「待望の手番が回ってきましたね」というように使われるのが「手番」です。
将棋は一手ずつ交互に指すので、待ってれば「手番」は回ってきそうですが、解説で使われるときの「手番」には単なる指す順番以外にも深い意味があります。
相手が長考していたので、やっと自分の順番になったという意味だけではないのです。
今回はこの将棋用語を解説してみたいと思います。
単に次にどちらが指す順番かの意味で「手番」を使っても間違いではありません。
「いまは先手の手番なので、次の手は…」なんて解説もあります。
この「手番」が特に重視されるのは終盤です。
将棋の形勢判断のポイントは3つ。
「駒の損得」「玉の固さ」そして「手番」です。
序盤から中盤にかけて「駒の損得」が重視されるのに対し、終盤は「手番」が重視されます。

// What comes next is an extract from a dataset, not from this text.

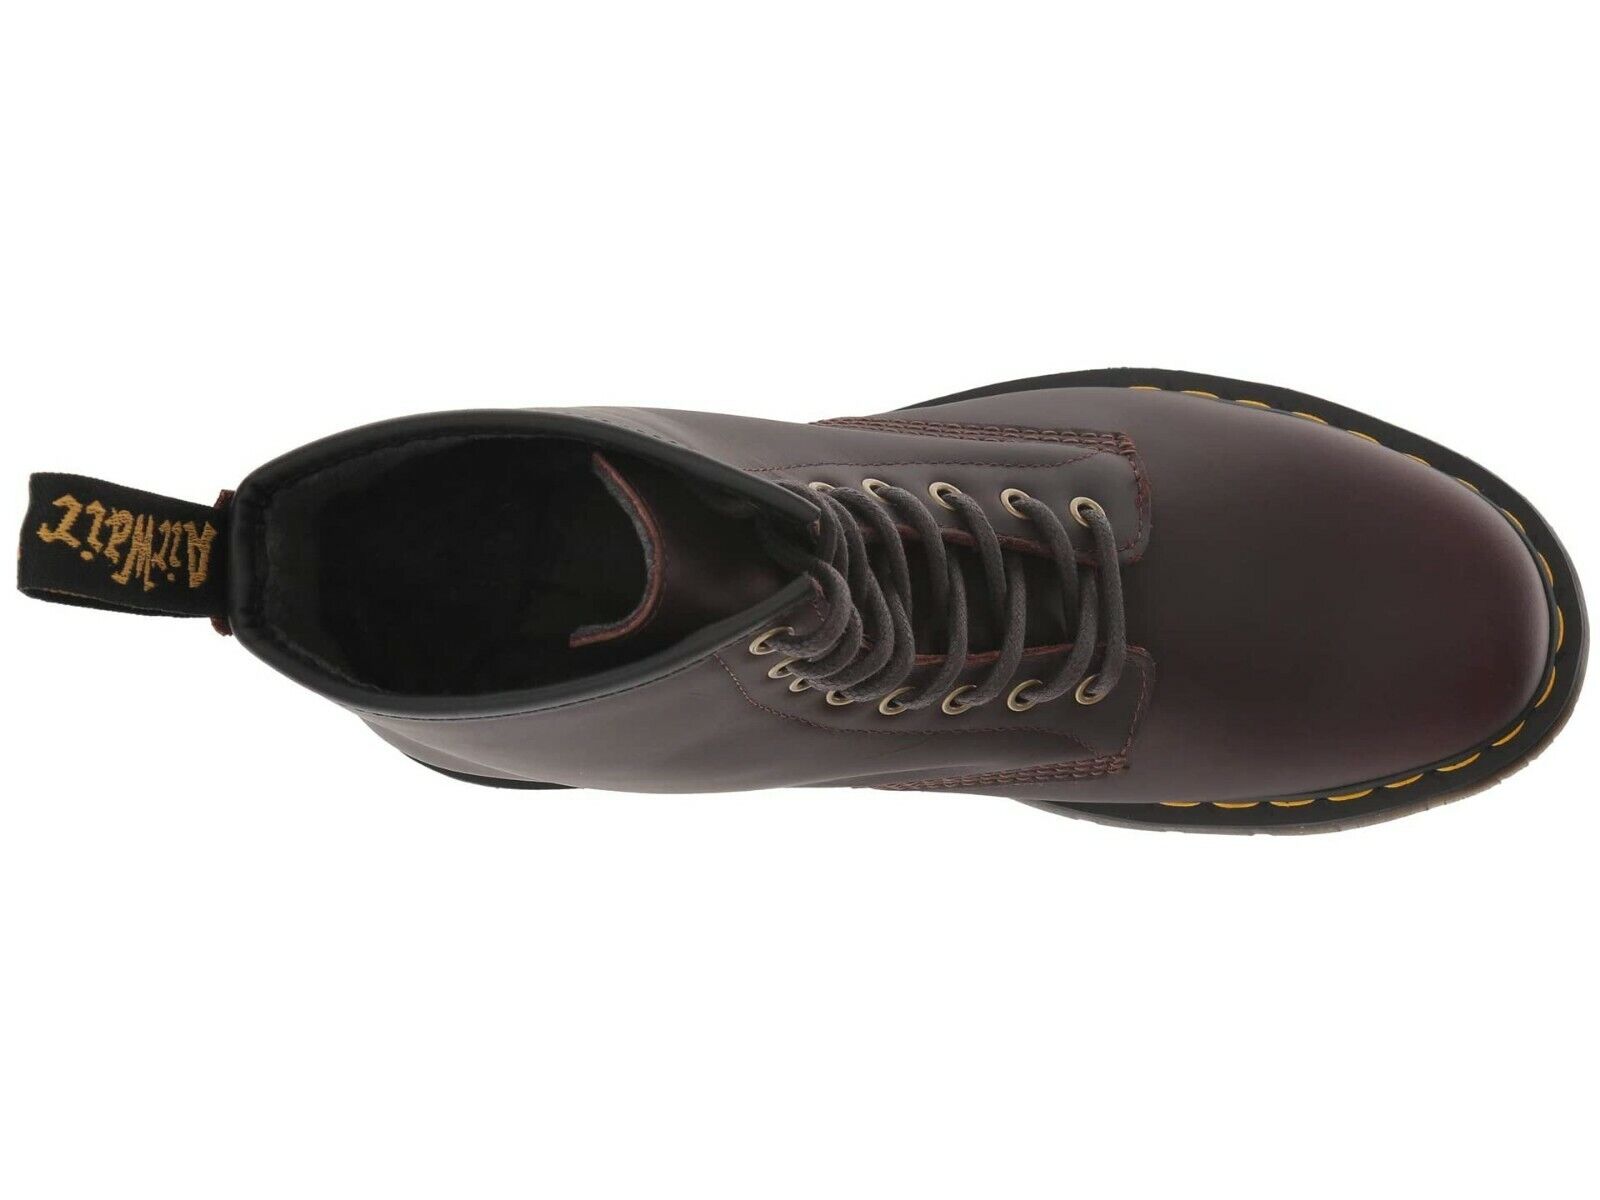 Copyright Slander Departure Unisex Shoes Dr. Martens 1460 WINTERGRIP Leather Ankle Boots 24038247 COCOA  | eBay

将棋は相手より一手早く敵の玉を詰ませばイイからです。
となれば、「3」の段階で先手の勝利が確定します。
「ウラの攻撃」で後手も王を取ったんだから「引き分け」なんてことはありません。
将棋には野球のような「ウラの攻撃」などないのです。
このため、どちらが指す順番かの「手番」が重要というわけです。
次にどちらが指す順番かという意味ではなく、主導権を握っているほうを指して「手番」を握っているということもあります。
「待望の手番が回ってきましたね」というのは、こちらの意味の「手番」です。
先手が攻めの手を指す。それに対して、後手が受けの手を指す。
再び先手が攻めの手を指す。後手は再びその手に対する受けの手を指す。
この状態は先手が「手番を握っている」といいます。
後手が先手の指し手を無視して、自分の好きな手を指せない状態でいることを表しています。

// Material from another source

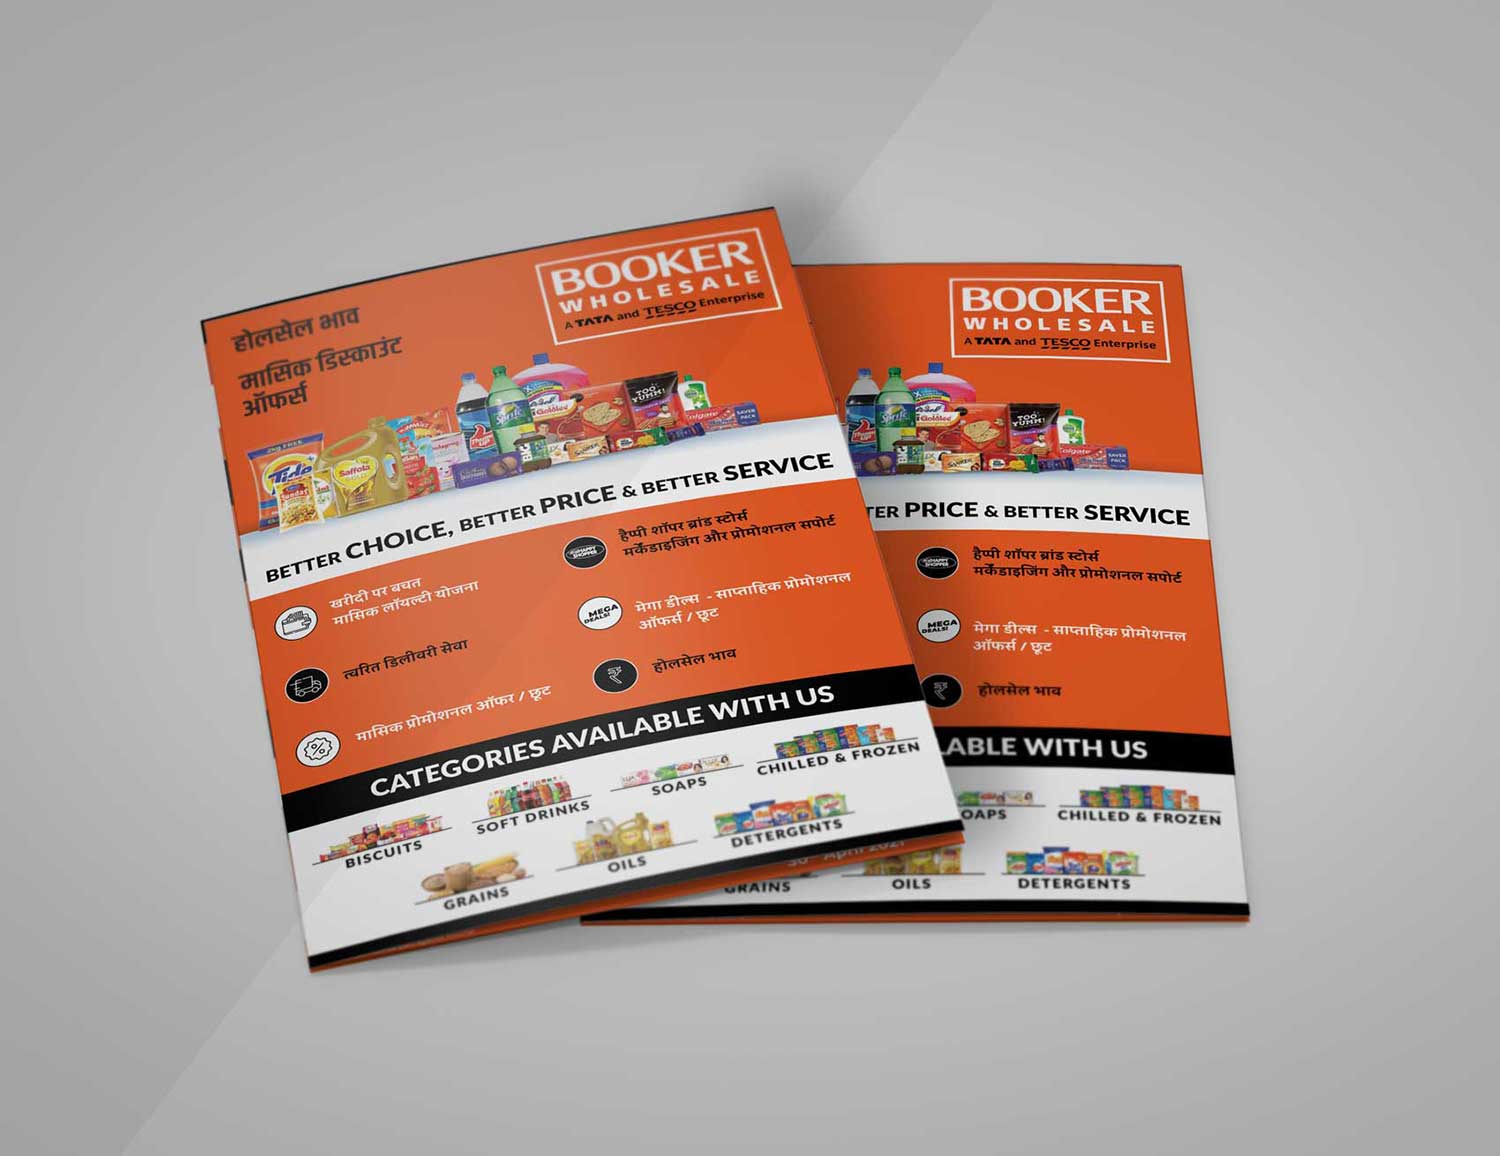 Booker Wholesale branding by StudioD

例えば、後手は攻めたいと思っていても、先手に王手をされてしまったら、その王手に対応する手(玉が逃げる逃げる等)を指さなければなりません。
受けてるほうに手番が回ってくるのは攻めが緩んだとき。
攻め手が攻め駒を引き上げたときや当面の危機が回避できたときなどです。
「待望の手番が回ってきた」というわけです。
ラブビーで言えばターンオーバーでボールを獲得した状態です。
ここからどう攻めるか?
腕の見せ所でもあります。
観戦してるほうとしては見どころとなります。
「手番」が回ってきたときの指し手に注目してみてください。